A disaster plan, with no resources in place
Once you have a good backup and archival procedure and your critical systems are fault tolerant, the next step is to put together procedures for remote disaster recovery. This simply means you ask and answer the question, “What do we do if the computer center is utterly destroyed?” You might, for example, make arrangements with another division or company to share equipment and space if either is struck by disaster. Agreements need to be made with critical computer vendors to quickly ship new systems in the event of an emergency. This kind of planning is a good first step, although recovery would be slow in the event of disaster so you need to be sure your business can afford a few days of downtime if required.
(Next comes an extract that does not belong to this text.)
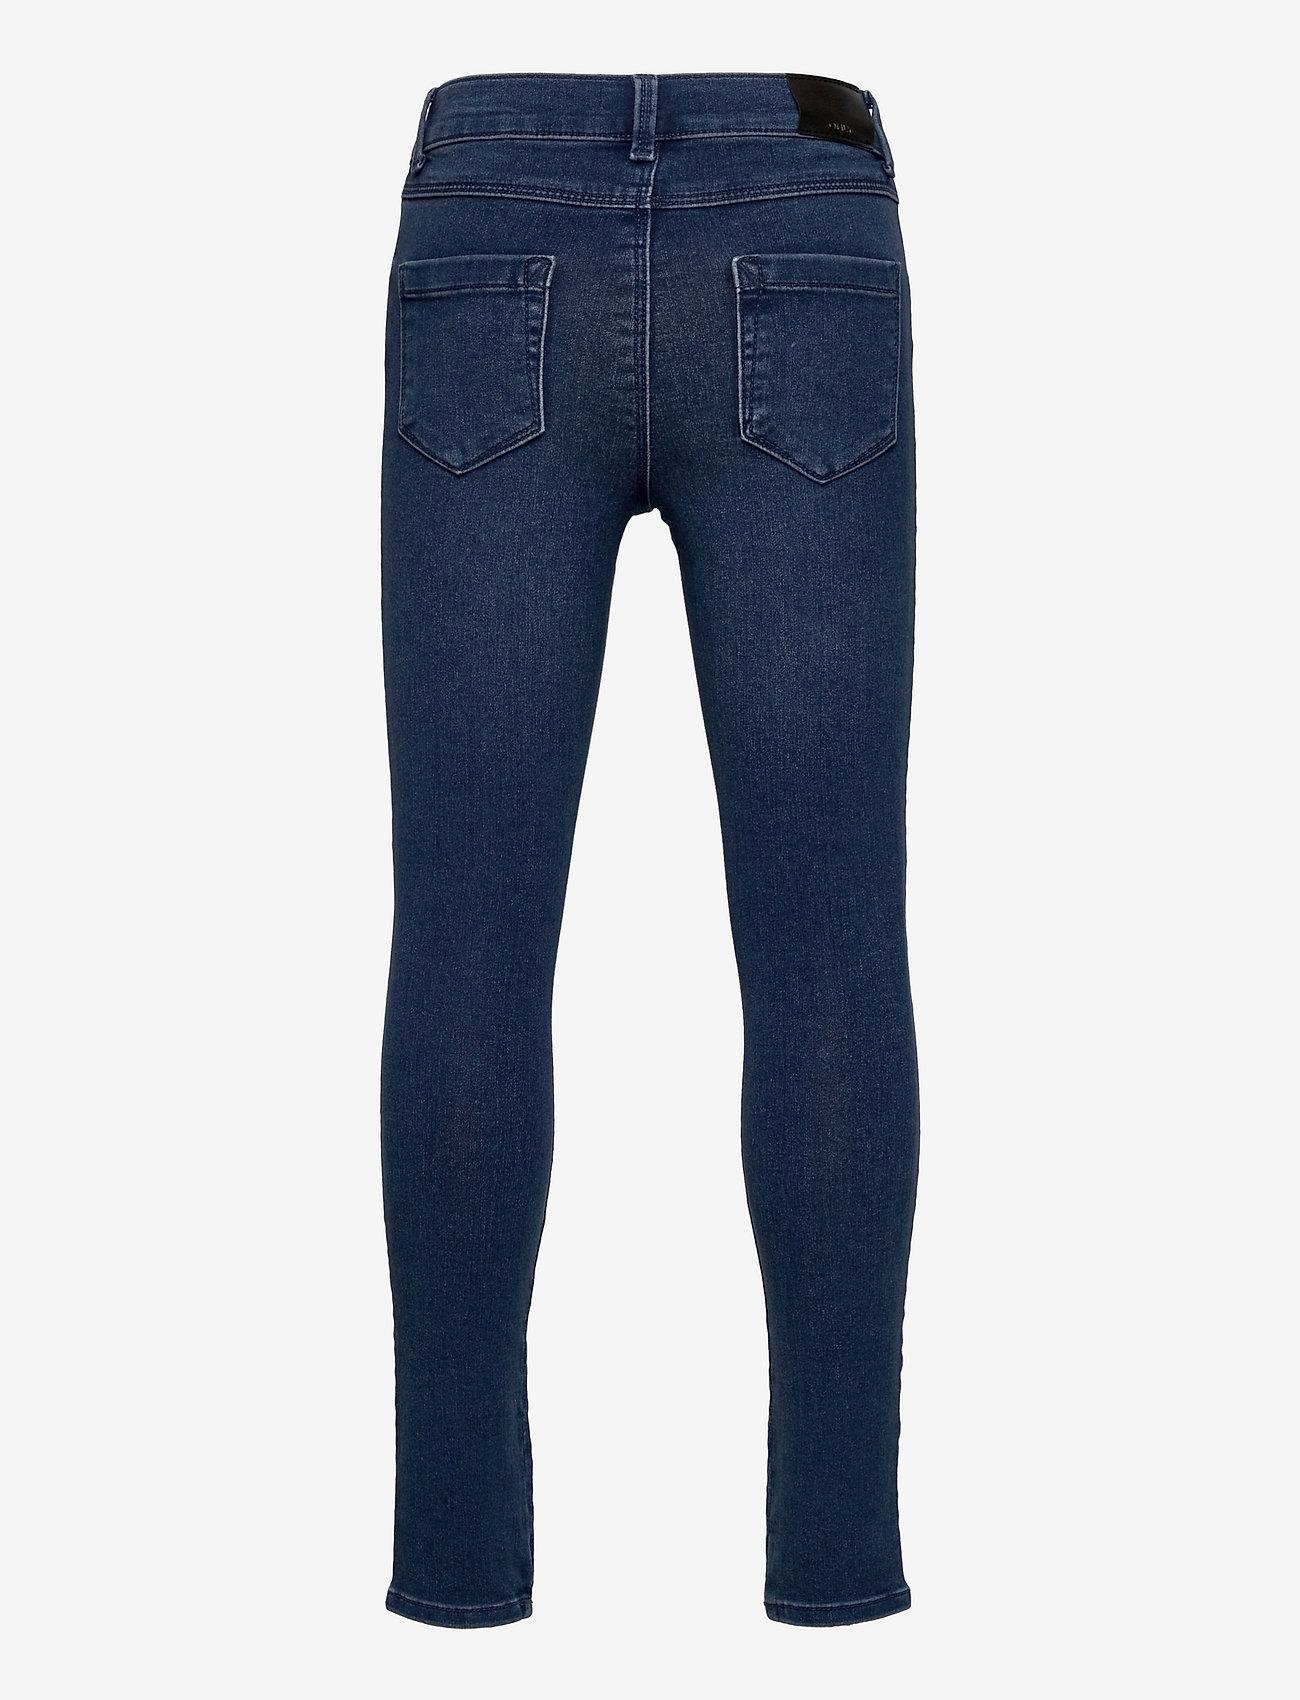 Kids Only - KONROYAL REG SKINNY PIM504 - jeans - medium blue denim - 1

A ‘cold site’ disaster recovery solution
A simple yet effective business backup solution, a cold site is simply a reserved area on a data centre where your business can set up new equipment in the event of a disaster. This is a popular disaster recovery method because it tends to be less expensive than other options, yet still gives a company the ability to survive a true disaster.
If you outsource your disaster recovery to a third party, then odds are they will establish this form of disaster recovery solution. This will work as long as your planning is good, your backups are sound and your documentation is excellent. Of course, extended downtime in the event of a disaster must be acceptable for a cold site to be a valid option. Plan on 24 hours for critical systems and as long as a week for less important functions.
A ‘split site’ disaster recovery solution
If your organization is large enough, it may be feasible to house the IT department across more than one location. In the event of a disaster to one site, operations can then reasonably simply shift to the other site and any new equipment needed could be purchased as necessary as long as the backups were properly maintained. The advantage to this method is it eliminates the need for the major up-front costs of building a dedicated disaster center.
As your organization will need to purchase or lease the equipment in the warm site, this option does involve more set-up costs than a cold site, but has the advantage of being able to get your business systems up and running much faster. Even sites with multiple applications can generally be back to full operation within 24 hours.
A ‘hot site’ disaster recovery solution
A hot site is a premium level of disaster recovery where the business IT systems and up-to-date data are duplicated and maintained at a separate data center. In this scenario, a duplicate computer center is set up in a remote location with communication lines set up and actively copying data at all times. The site has a duplicate of every critical server, with data that is up-to-date to within hours, minutes or even seconds. At the highest level it even has desks, phones and whatever else is necessary for operations to continue if the worst happens.
Following a disaster, your business can very quickly ‘switch’ to the hot site with minimal disruption. This is the ultimate in disaster preparation, reserved for companies with excellent management and highly skilled IT staff. Hot sites are expensive, difficult to set up and require constant maintenance, but in the event of a disaster, operations can continue with a minimum of downtime. This is a popular option for institutions such as finance companies and stock exchanges where downtime is not an option.
What level of protection is right for you?
Before determining, exactly what business continuity and disaster recovery plans you need in place for your business it is essential to analyze your systems, data and requirements and develop a solution that cost effectively meets your needs today and into the future.